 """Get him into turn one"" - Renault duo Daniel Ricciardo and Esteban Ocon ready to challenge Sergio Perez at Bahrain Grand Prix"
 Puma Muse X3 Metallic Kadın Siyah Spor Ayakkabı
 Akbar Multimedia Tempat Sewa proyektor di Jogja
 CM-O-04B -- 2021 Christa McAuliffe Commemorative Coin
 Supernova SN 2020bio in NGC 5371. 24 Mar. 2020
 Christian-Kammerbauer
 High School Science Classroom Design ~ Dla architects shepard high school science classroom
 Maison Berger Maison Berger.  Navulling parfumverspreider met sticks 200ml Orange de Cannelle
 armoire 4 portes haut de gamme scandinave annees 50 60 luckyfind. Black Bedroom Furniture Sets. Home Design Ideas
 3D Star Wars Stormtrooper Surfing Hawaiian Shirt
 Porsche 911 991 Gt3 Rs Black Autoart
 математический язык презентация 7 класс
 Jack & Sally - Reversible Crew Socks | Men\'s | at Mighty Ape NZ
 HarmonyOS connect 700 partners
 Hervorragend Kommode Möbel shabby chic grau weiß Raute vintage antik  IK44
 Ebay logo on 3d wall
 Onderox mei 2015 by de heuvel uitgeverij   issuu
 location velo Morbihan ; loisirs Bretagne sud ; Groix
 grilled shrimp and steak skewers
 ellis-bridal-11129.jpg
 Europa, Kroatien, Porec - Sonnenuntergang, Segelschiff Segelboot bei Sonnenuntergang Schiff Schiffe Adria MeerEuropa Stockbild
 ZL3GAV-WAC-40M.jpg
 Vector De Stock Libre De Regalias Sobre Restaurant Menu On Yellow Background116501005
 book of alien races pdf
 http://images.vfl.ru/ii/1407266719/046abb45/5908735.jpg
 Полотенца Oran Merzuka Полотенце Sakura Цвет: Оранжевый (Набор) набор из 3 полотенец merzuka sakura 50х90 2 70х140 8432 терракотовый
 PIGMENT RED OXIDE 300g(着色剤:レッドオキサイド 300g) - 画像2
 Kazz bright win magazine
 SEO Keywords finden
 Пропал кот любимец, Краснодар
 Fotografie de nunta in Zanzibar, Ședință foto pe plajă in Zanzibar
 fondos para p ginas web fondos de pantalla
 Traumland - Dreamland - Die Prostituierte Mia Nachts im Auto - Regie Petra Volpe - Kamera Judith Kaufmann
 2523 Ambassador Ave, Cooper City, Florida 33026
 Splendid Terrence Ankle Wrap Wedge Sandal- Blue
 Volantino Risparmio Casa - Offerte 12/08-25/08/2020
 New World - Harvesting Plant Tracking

Your assignment: In the entries above, find every line holding the word "Design" and copy it out.

Response for this exercise:
 High School Science Classroom Design ~ Dla architects shepard high school science classroom
 armoire 4 portes haut de gamme scandinave annees 50 60 luckyfind. Black Bedroom Furniture Sets. Home Design Ideas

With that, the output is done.